> _What the task asks_:
Look through the data below and extract, unchanged, the lines from the one that contains "sportello orientativo virtuale" to the one that contains "Яков Смолий - украинский", both included.

> _Supplied material_:
▶
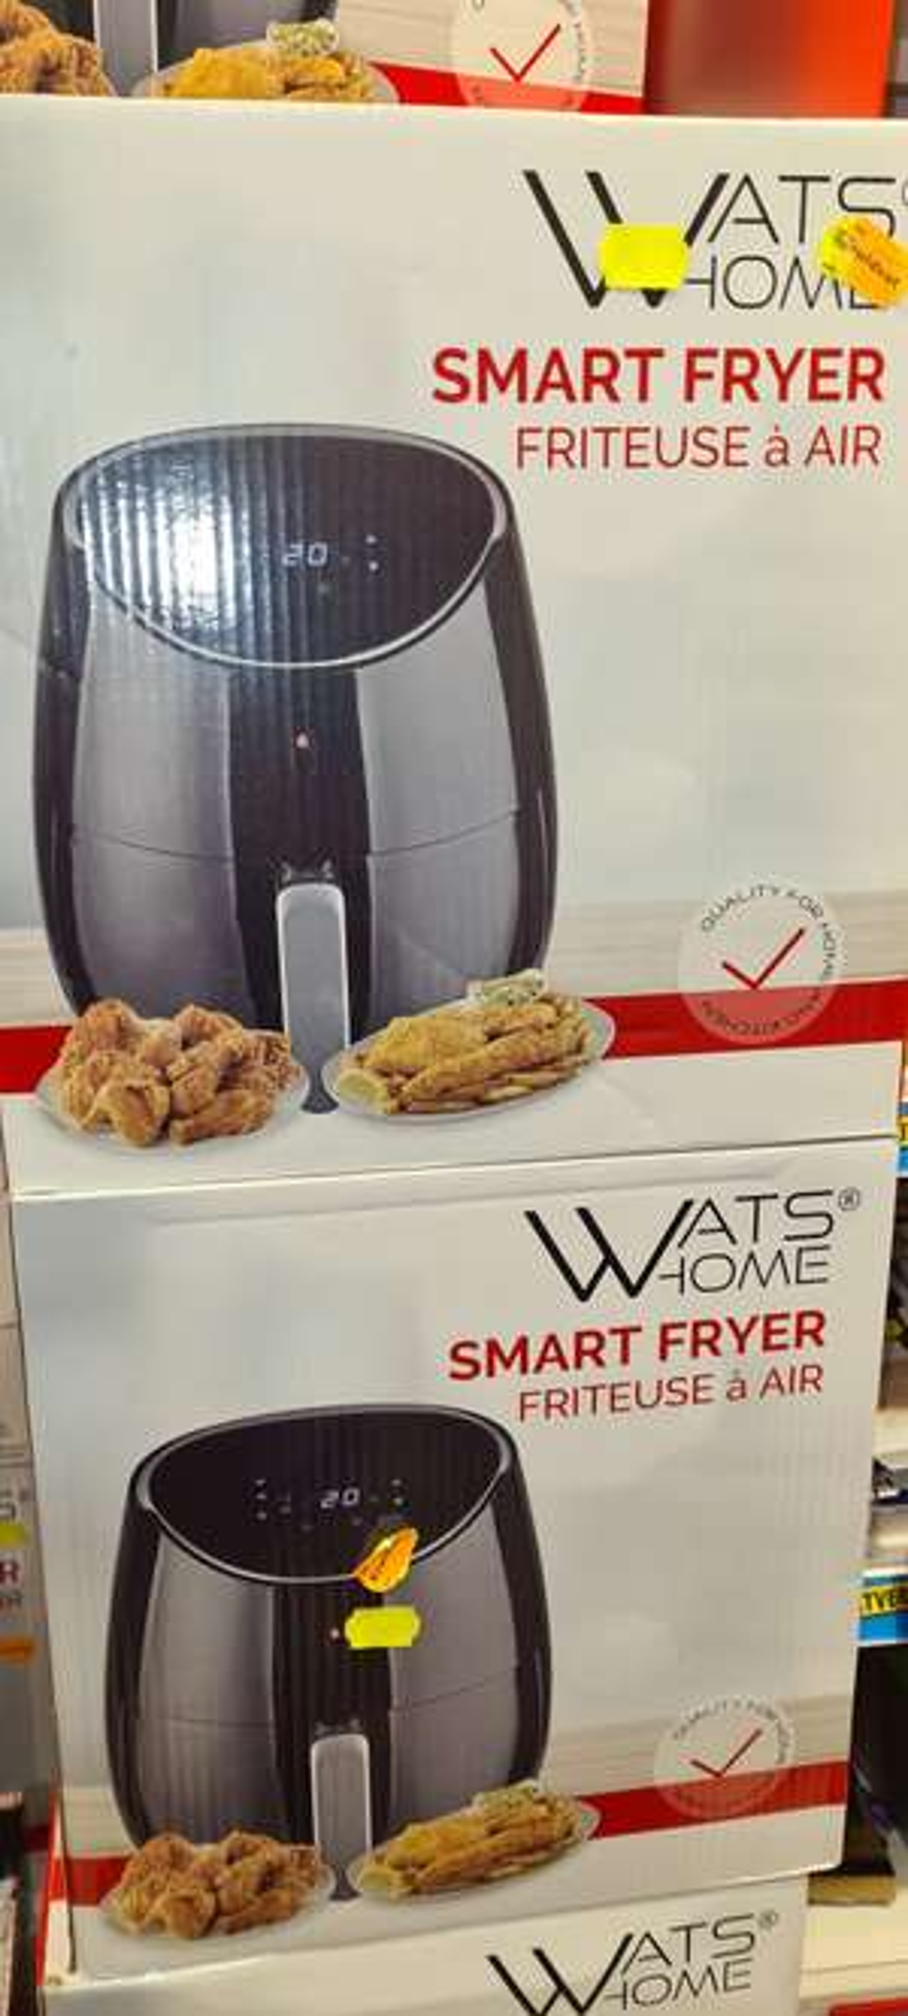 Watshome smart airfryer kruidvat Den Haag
◀
▶
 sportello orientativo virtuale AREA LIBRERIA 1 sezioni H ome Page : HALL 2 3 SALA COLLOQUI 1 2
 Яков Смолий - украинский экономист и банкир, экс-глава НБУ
◀
> _Answer below_:
 sportello orientativo virtuale AREA LIBRERIA 1 sezioni H ome Page : HALL 2 3 SALA COLLOQUI 1 2
 Яков Смолий - украинский экономист и банкир, экс-глава НБУ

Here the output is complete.